I am about to head to a meeting which has always been in-person only (all people are local). The meetings are scheduled well in advance and are infrequent. If someone has to be absent, they are absent. Recently, an accommodation request has been made for a reason for which I would personally never request accommodation (convenience rather than necessity or urgency), and now I foresee we will spend 1/3 of the time making sure the person can hear or see us, re-connecting, waiting for them to unfreeze, and repeating stuff because they are cut off. The room is in no way set up to accommodate a video conference and they will be able to only see a couple of people, at best. If the person absolutely must be present, I would much prefer them calling in (although that is a pain, as well, when many people are present and no appropriate conference microphone is available).

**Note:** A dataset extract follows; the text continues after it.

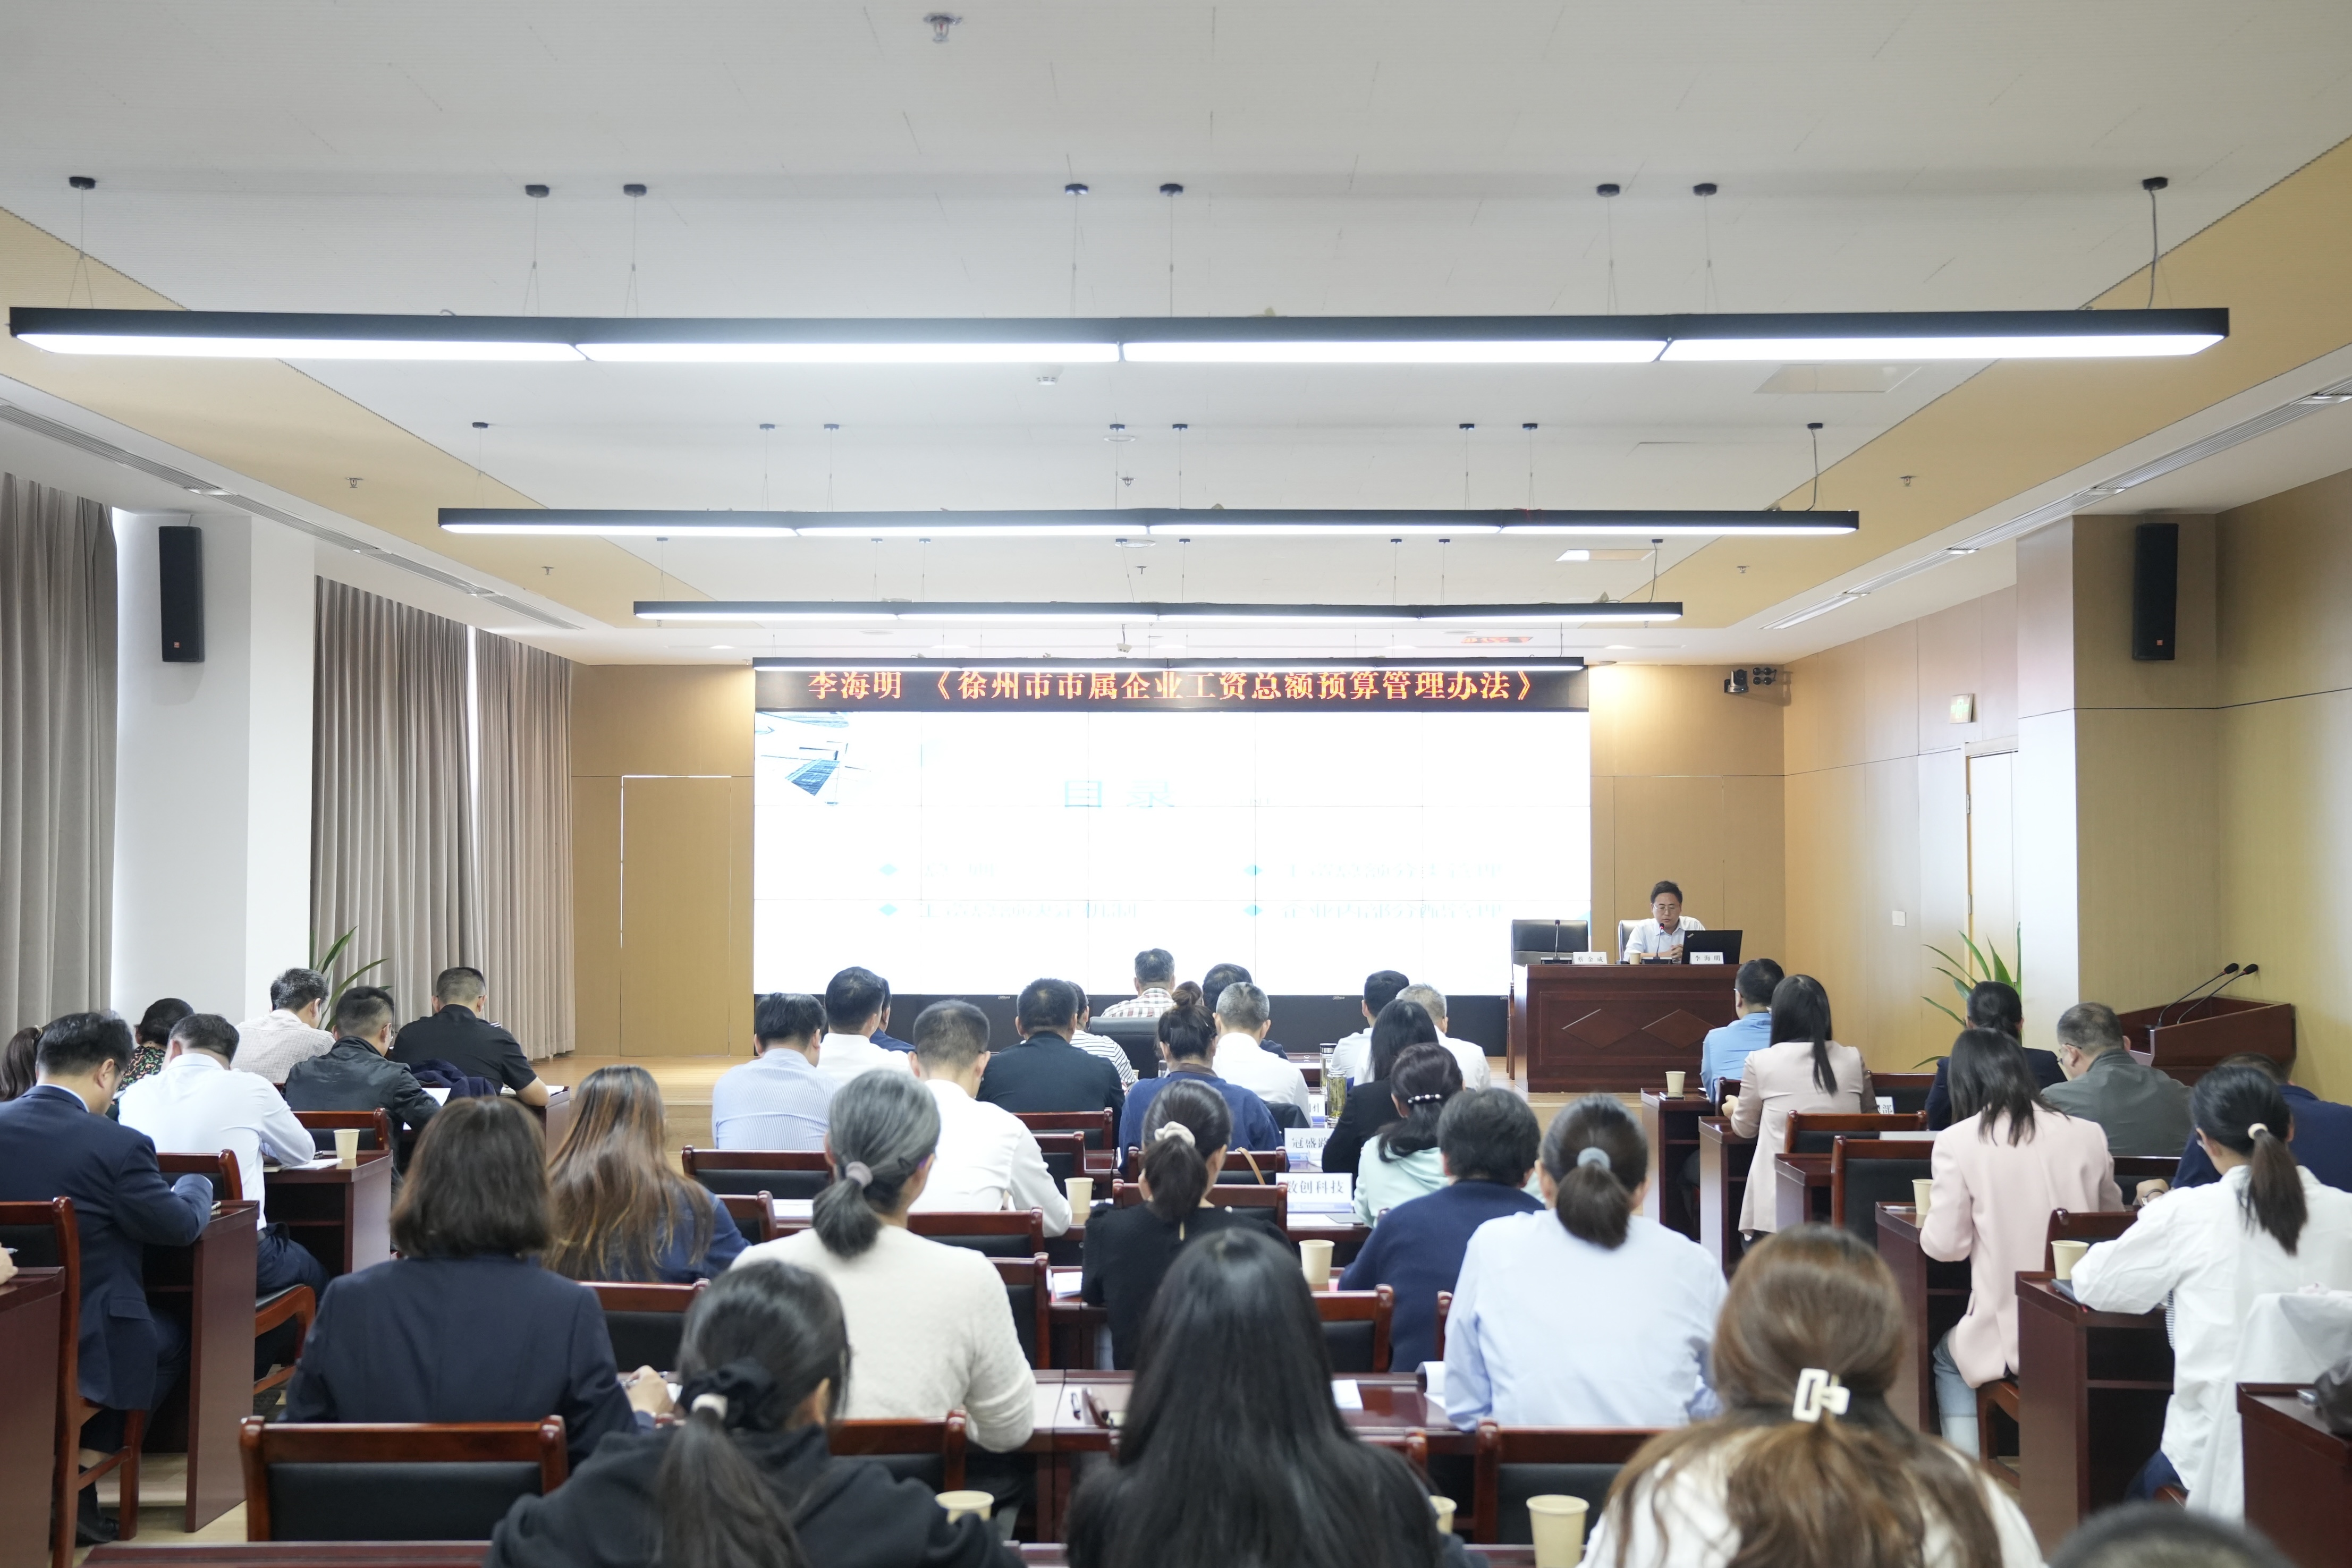 尊龙凯时集团举办《徐州市属企业人为总额预算治理步伐》培训

I was going to deny the accommodation and tell the person to either show up or sit it out, but a staff person jumped in and offered the requested flexibility. Me denying it now would make me a douche on multiple fronts. However, since I am in charge of the meeting, I most definitely do not want this to become the norm and be sought all the time because it makes us highly ineffective, and what we do is time sensitive, takes considerable focus, and we meet infrequently enough that people can just find a way to just be there in person.